Chapter 8

198 16 2
                                    

Aku berbalik untuk memeriksanya. Tapi dia sudah tidak ada pada tempat sebelumnya. Mataku berkeliling mencarinya di sekitar sini. Tapi dia jugs tidak ada dimana-mana. Dia sudah pergi. Aku melihat botol kecil yang ia berikan padaku. Apa ini? Apa ini semacam ramuan yang bisa mengungkap kebenaran?

Yang benar saja, Nat.

Aku membuka tutupnya dan melihat isinya. Di dalam botol tabung itu terdapat serbuk berwarna putih. Aku tidak tahu apa ini. Serbuk di dalamnya tidak berbau. Dan sepertinya ini bukan racun. Entahlah. Aku tidak peduli.

Aku pun memasukkan botol itu ke kantung celanaku dan aku melanjutkan jalanku kembali masuk ke dalam kafe. Tapi tepat di pintu belakang kafe, seseorang kembali mencegatku. Kini orangnya adalah Bella. Ya, Bella. Double crap!

"Kau ada hubungan apa dengannya?"

"Hah?" Aku terkejut dengan pertanyaannya. Tidak bisakah dia basa-basi sebentar?

"Kau terlihat dekat dengannya."

"Apa? Tidak, Bel, tidak. Kau salah paham. Permisi, aku ingin lewat." Aku berusaha melewatinya, tapi dia selalu mencegatku lagi dan lagi. "Apa sih?"

"Kau tidak bisa bohong denganku, Natasha Blaire," ucapnya sambil bertolak pinggang. "Aku melihatmu memarahinya, lalu dia pergi dan kau mengejarnya untuk meminta maaf. Bukankah kalian lucu? Aku hampir saja menyebut kalian sebagai pasangan remaja berumur 15 tahun. Kalian menggelikan."

"Ya ampun, bisakah kau percaya padaku kali ini saja? Aku tidak ada apa-apa dengannya," ucapku berusaha mengelak. Tapi memang itu kan kenyataanya. Aku dan Sebastian tidak ada apa-apa-nya.

"Baiklah. Kau memiliki tiga nyawa. Dan kau baru saja kehilangan satu. Lihat saja, Nat, aku akan segera mengetahui jawabannya."

"Terserahlah," ucapku sambil menyerobot Bella. Dan di belakangku dia tertawa. Tiba-tiba saja dia merangkul pundakku dari belakang. Dan jika dia seperti ini, dia pasti akan mengatakan kalimat itu.

"Siapa laki-laki itu?" Benarkan? "Yang menunggumu di depan itu? Dia siapa?"

Wajah Bella benar-benar menyebalkan. Jika dia bukan temanku, aku sudah melepas sepatuku dan menampar wajahnya berkali-kali dengan sepatuku. "Dia anaknya teman ibuku."

"Oh!!! Jadi ibumu menjodohkanmu dengan orang itu?"

"Sepertinya begitu," jawabku. Kalau bukan perjodohan apalagi memangnya?

"Kusarankan untuk menerimanya saja," ucapnya yang langsung membuatku menolehkan kepalaku dan memandangnya tidak percaya. Seolah-olah tatapanku berkata, Apa yang kau bicarakan, hah? "Dia tampan, Nat, dan kelihatannya dia baik," ya, kelihatannya begitu, tapi Sebastian baru saja memberitahuku kalau dia tidak seperti yang aku duga. "Dan dia pasti anak orang kaya. Ibumu kan berteman dengan orang kelas atas semua."

Aku memutar kedua bola mataku. "Yang benar saja."

Aku mengabaikan Bella.
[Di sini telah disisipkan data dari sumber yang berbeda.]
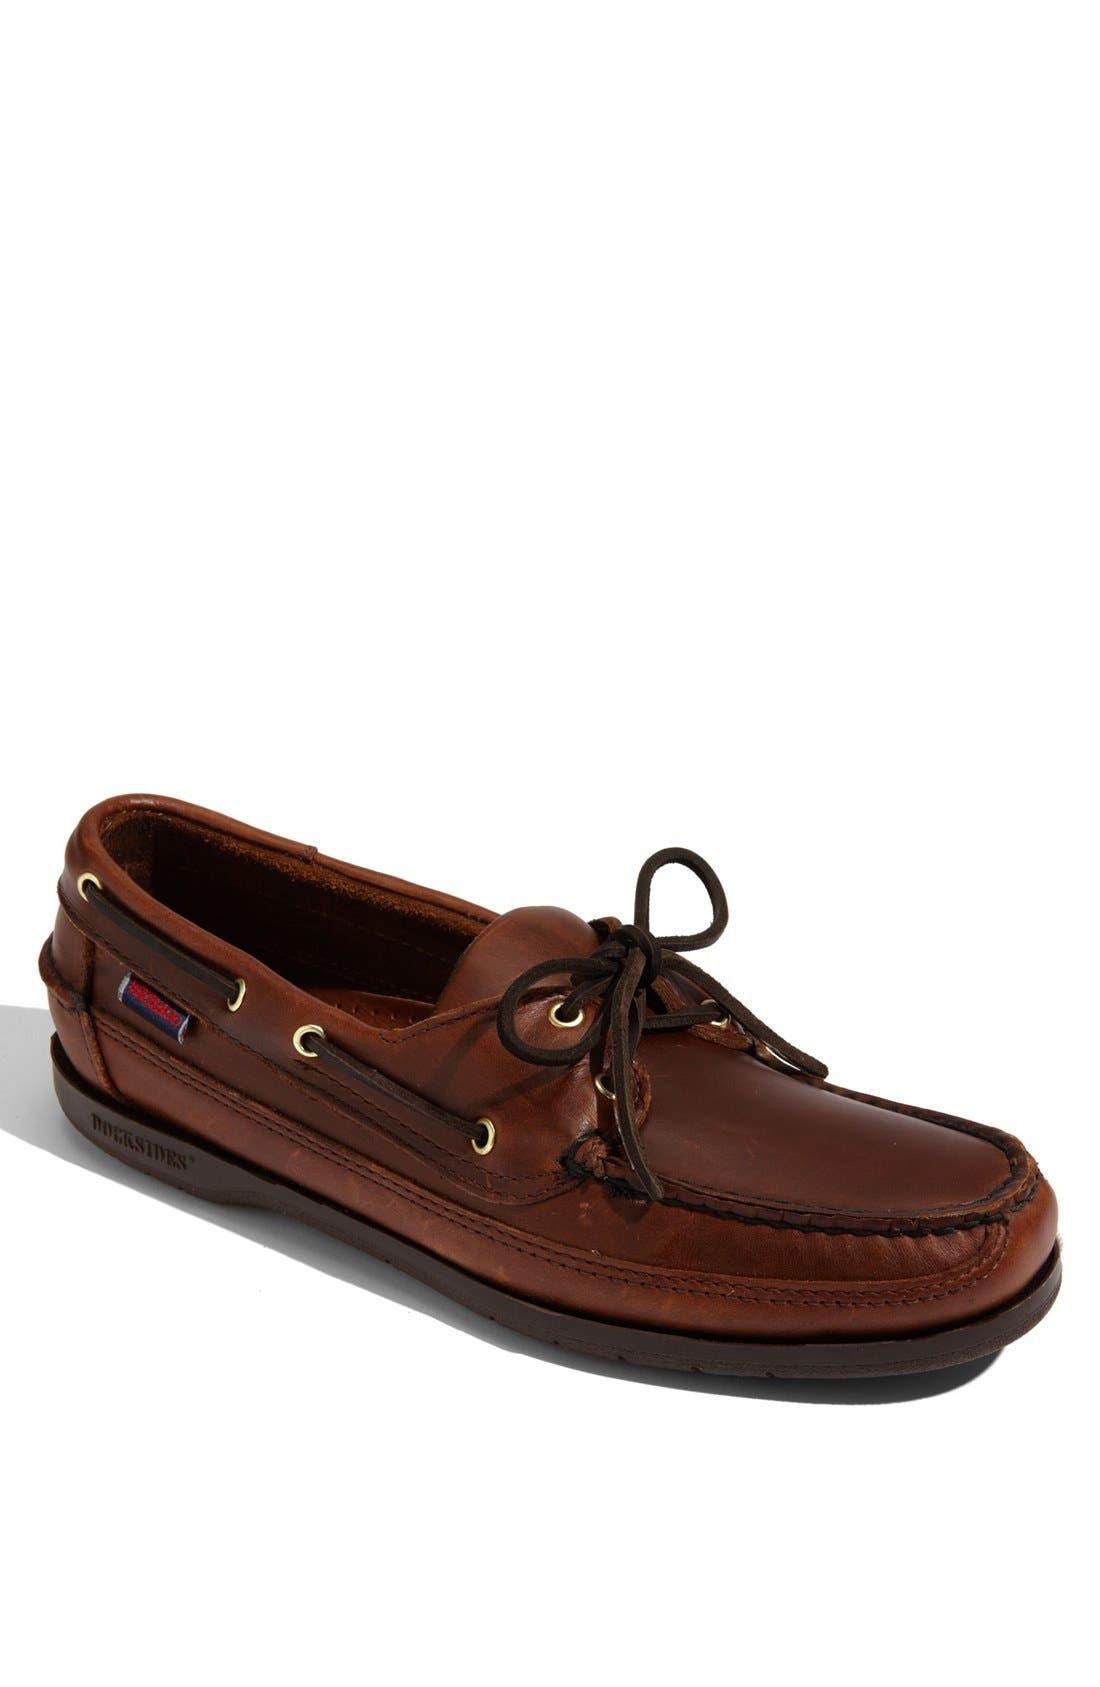 s sebago shoes nordstrom
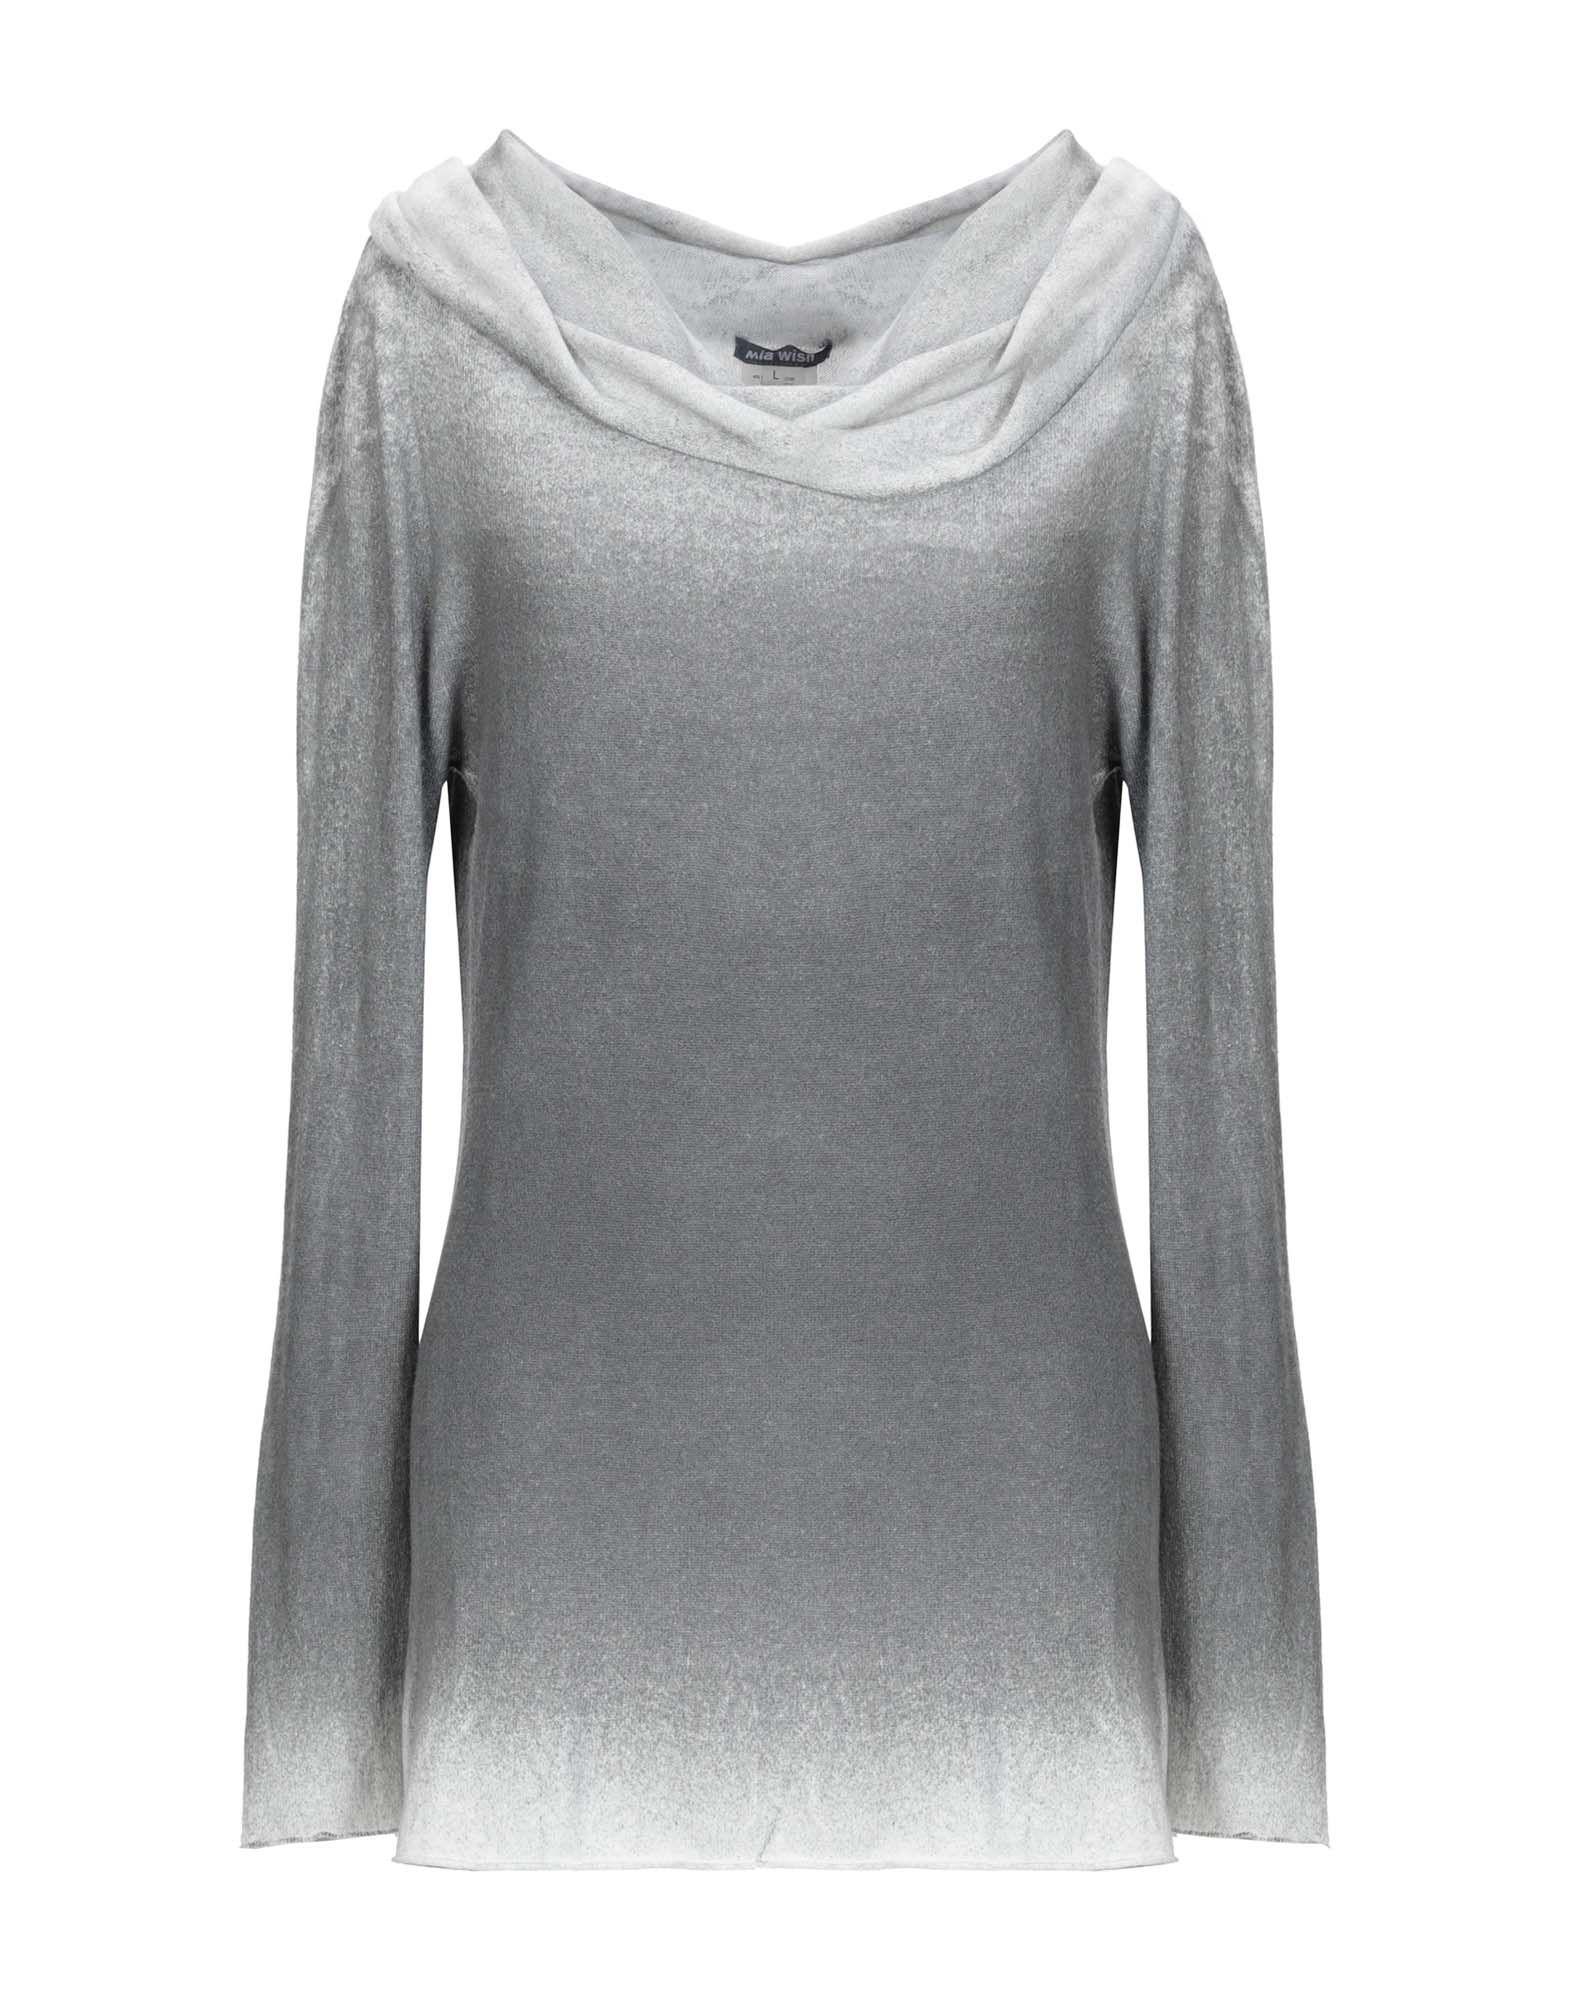 MIA WISH Свитер джемперы свитера пуловеры coccodrillo свитер для девочки make a wish

Dia benar-benar menyebalkan hari ini. Aku tidak sanggup dekat-dekat dengannya. Akhirnya aku memutuskan untuk ke dapur dan membuatkan kopi. Niat awalku pergi ke belakang memang untuk membuat kopi kan? Aku mengambil dua cangkir dan menaruhnya di atas meja. Aku mencari susu. Lalu menuangnya sedikit ke dalam masing-masing cangkir. Aku menghangatkan kopi hitam dengan ketel. Dan setelah panas, aku-

"Lalu diantara dua pangeran ini mana yang akan kau pilih?"

Aku menghela nafas jengkel. Aku kembali bertolak pinggang dan menghadapnya, menatapnya kesal. Dia terlihat sedang menerawang sesuatu. Kepalanya mengadah ke atas dengan tangan kanannya mengusap-usap dagunya, terlihat sedang berpikir keras.

"Jika aku jadi kau, aku akan memilih Si Sebastian itu."

Aku menautkan alisku. "Tadi kau bilang aku harus menerima perjodohan ibuku. Lalu kenapa kau berpindah ke Sebastian? Kenapa harus dia?"